シレネ・シャフタの原産地はコーカサス地方にあり、自生地は岩場の斜面や礫地などにあります。
シレネ・シャフタの特徴
- シレネ・シャフタの魅力:この植物は、細長い茎が地際から多数伸びて叢生する性質があり、開花期の夏頃になると花弁の形がハート形をしたピンク色の可愛らしい花を多数咲かせて花絨毯をつくります。そのため、園芸ではこの花を鑑賞する目的で栽培されており、花壇の縁どりとして利用されたり、広範囲に群生させて景観植物として利用されたり、また乾燥に強い事からロックガーデン等に利用されたりしています。
- 草姿:叢生型になり台木状の根茎から複数の地上茎が出る。地上茎は直立茎・斜上茎・横臥茎があり、群生を作りながら、高さ約10~25cmのこんもりも盛り上がるドーム状の外観となります。
- 花の特徴:開花期は夏から秋頃にあり、花序は集散花序です。花を構成している萼は、細長い萼筒になり色は緑色または赤紫色をしています。花冠はナデシコ科でよく見られるナデシコ形花冠になり、萼筒から開出する花弁(舷部)は弁先が裂けてハート形に見える可愛らしい外観をしており、また花弁の色も桃色をしているため、一層かわいらしさが引き立てられます。
- ロックガーデン:シレネ・シャフタは自生地が岩場などにあり、乾燥気味の環境に適応する事からも分かる通り、ロックガーデンに適した植物のひとつとなります。この植物の茎は横臥茎のため、ロックガーデンの中では岩肌に沿って覆うように広がったり、垂れ下がる様子が楽しめます。
シレネ・シャフタの園芸品種の紹介
シレネ・レギア
シレネ・レギアとは!
シレネ・レギアの学名は Silene regia 、別名では「ロイヤルキャッチフライ」等とも呼ばれるナデシコ科シレネ属の多年草です。
シレネ・レギアの原産地はアメリカ合衆国(アラバマ州・アーカンソー州・ジョージア州・イリノイ州・インディアナ州・カンザス州・ケンタッキー州・ミズーリ州・オハイオ州・テネシー州)にあり、自生地は草原や開けた森林、岩場などにあります。
シレネ・レギアの特徴
- シレネ・レギアの魅力:この植物は、穂状に連なる細長い花姿と、細長い花弁が星形に並ぶシャープな花形、鮮やかな赤色の花色が魅力的な植物です。そのため、園芸ではこの花を鑑賞する目的で栽培されています。
- 草姿:一時ロゼット型になり、生育初期をロゼットで過ごし後に、茎が伸びて、高さ約50~160cmまで成長します。茎は直立茎で、地際から茎が複数伸びて株立ち状になり、開花期になると上部で集散状に分岐しながら沢山の花を咲かせます。
- 花の特徴:開花期は5月から8月にあり、花序は集散花序です。花を構成している萼は、細長い管状の萼筒になり色は緑色をしています。花冠はナデシコ科でよく見られるナデシコ形花冠になり、萼筒から開出する花弁(舷部)は楕円形になり、また花弁の色は赤色をしています。
カッコウセンノウ

カッコウセンノウとは!
カッコウセンノウの学名は Silene flos-cuculi 、別名では「シレネ・フロスククリ」や「ラギットロビン(ragged-robin)」等とも呼ばれる二年草または多年草です。

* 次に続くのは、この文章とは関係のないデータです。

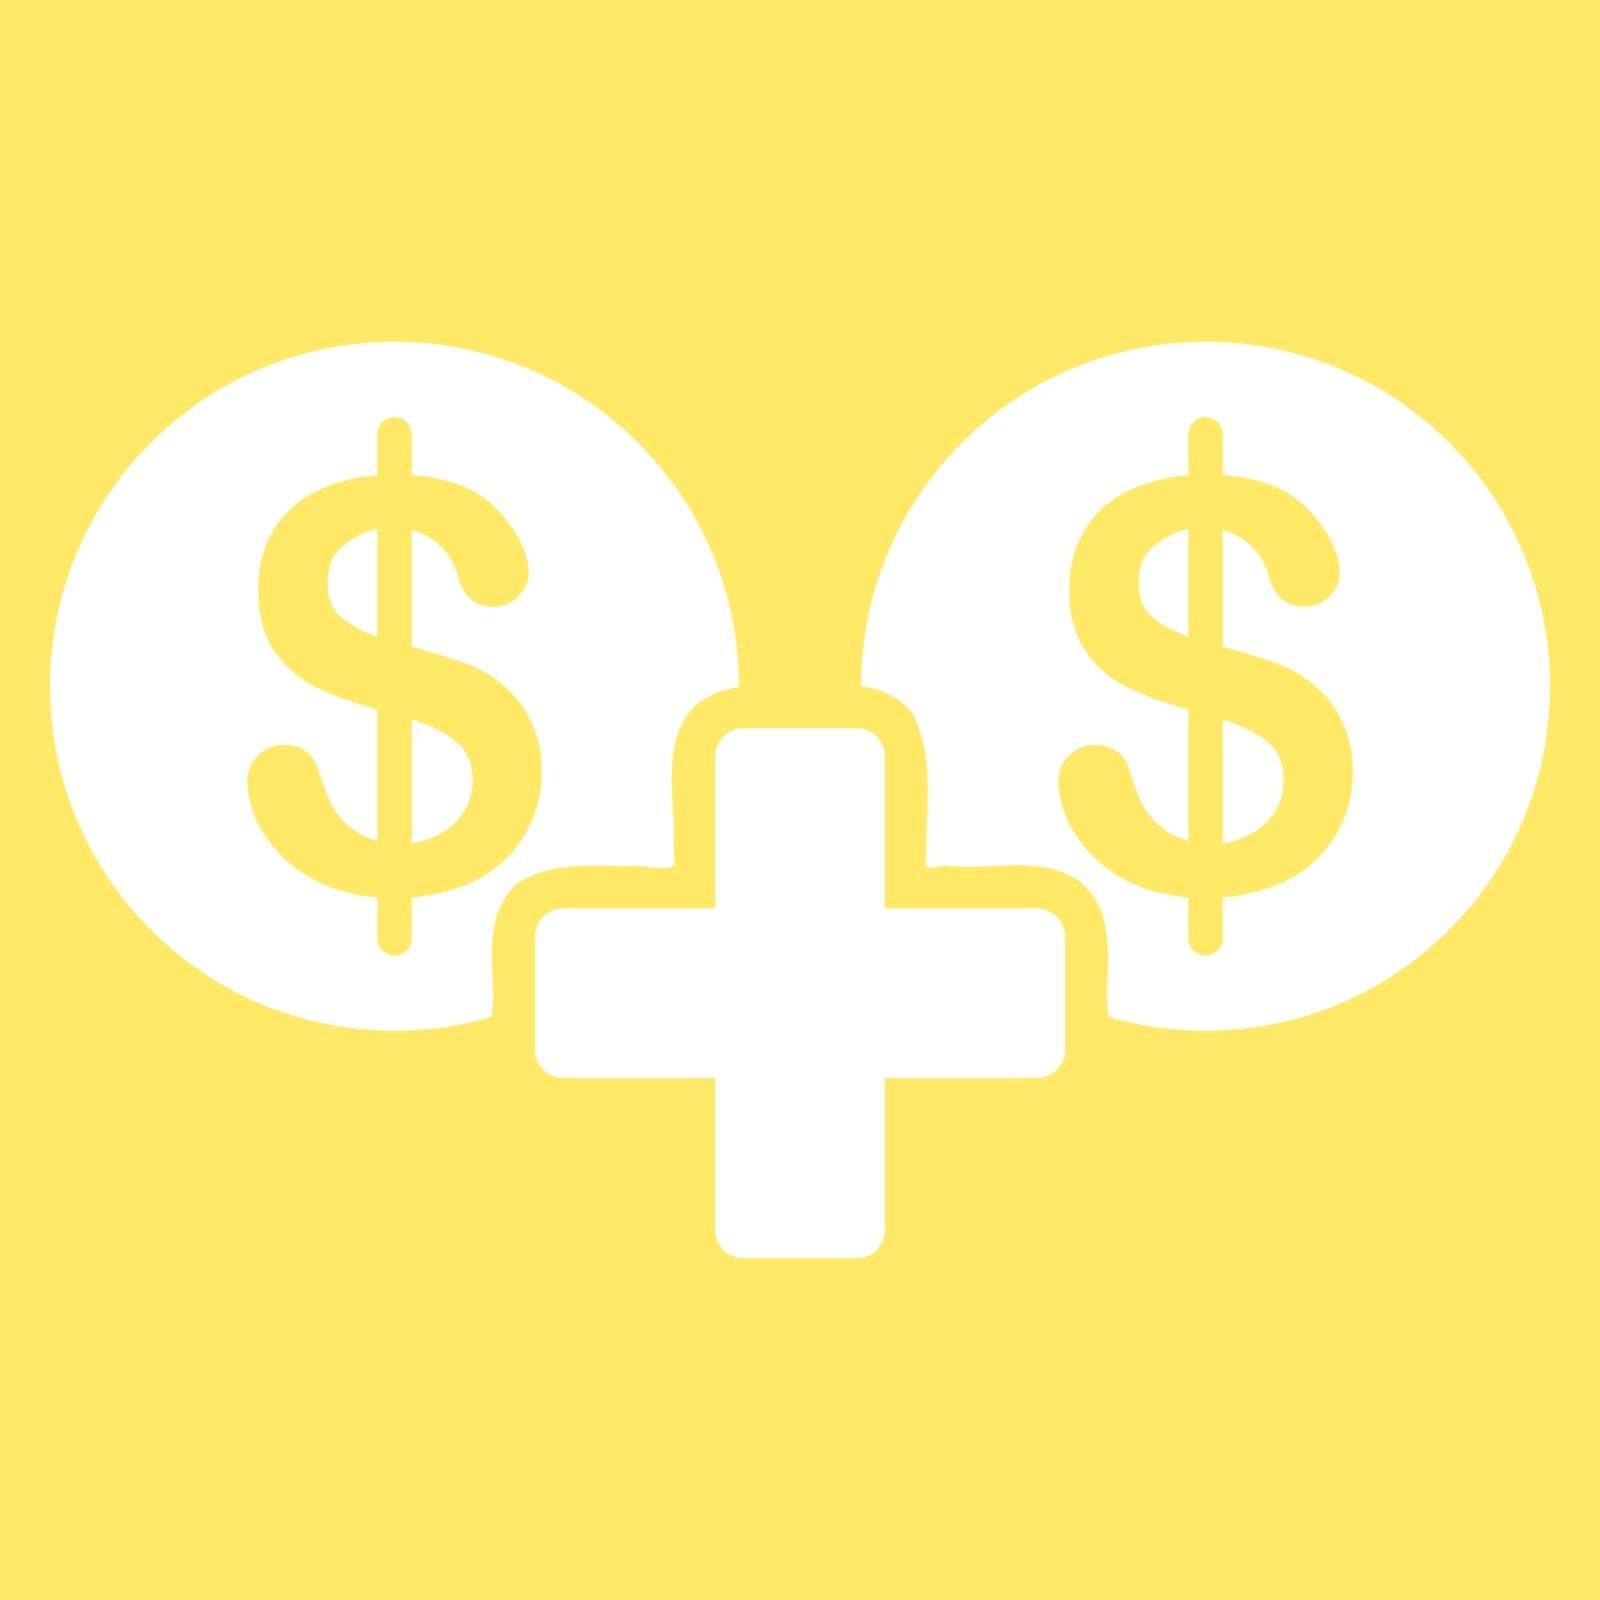 Sum icon from Business Bicolor Set. This flat vector symbol uses white color, rounded angles, and isolated on a yellow background.

カッコウセンノウの原産地はヨーロッパとアジアにあり、自生地は牧草地や道端や湿地などにあります。
カッコウセンノウの特徴
- カッコウセンノウの魅力:この植物は、細長く華奢な茎が何本も立ち上がりながら多数の花を咲かせる可憐な花姿と、花弁が細かく4つに裂けて各裂片が線状になるピンクの花が魅力的な植物です。そのため、園芸ではこの花を鑑賞する目的で栽培されており、お庭の中で自然な雰囲気を演出するのに役立ちます。
- 草姿:一時ロゼット型になり、生育初期をロゼットで過ごし後に、茎が伸びて、高さ約20~90cmまで成長します。茎は直立茎で、地際から華奢な茎が多数伸びて株立ち状になり、開花期になると上部で集散状に分岐しながら沢山の花を咲かせます。

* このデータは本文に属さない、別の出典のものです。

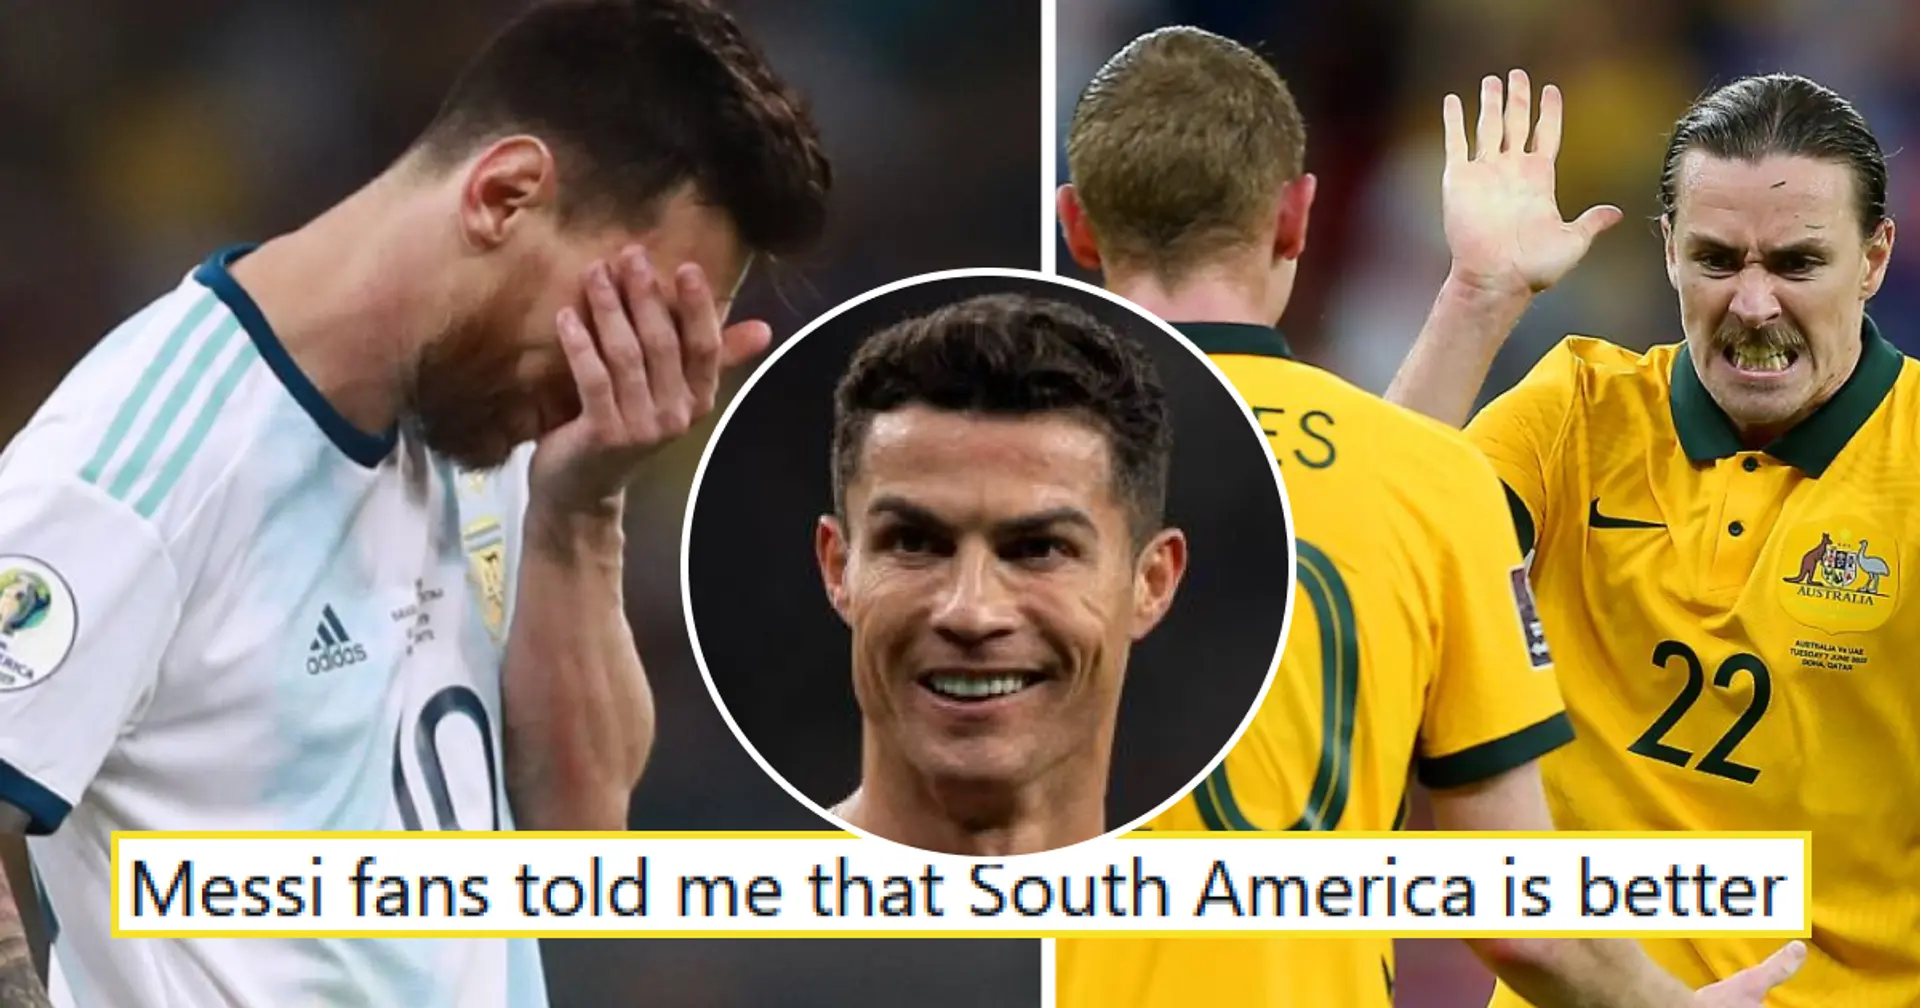 Why is Messi slander trending after Australia wins World Cup spot? Explained

- 花の特徴:開花期は5月から8月にあり、花序は二出集散花序です。花を構成している萼は、緩く膨らんだ壺形の萼筒になり色は緑色または赤紫色をしています。花冠はナデシコ科でよく見られるナデシコ形花冠になり、萼筒から開出する花弁(舷部)は弁先が4つに裂けて各裂片は線状になり、また花弁の色は桃色をしています。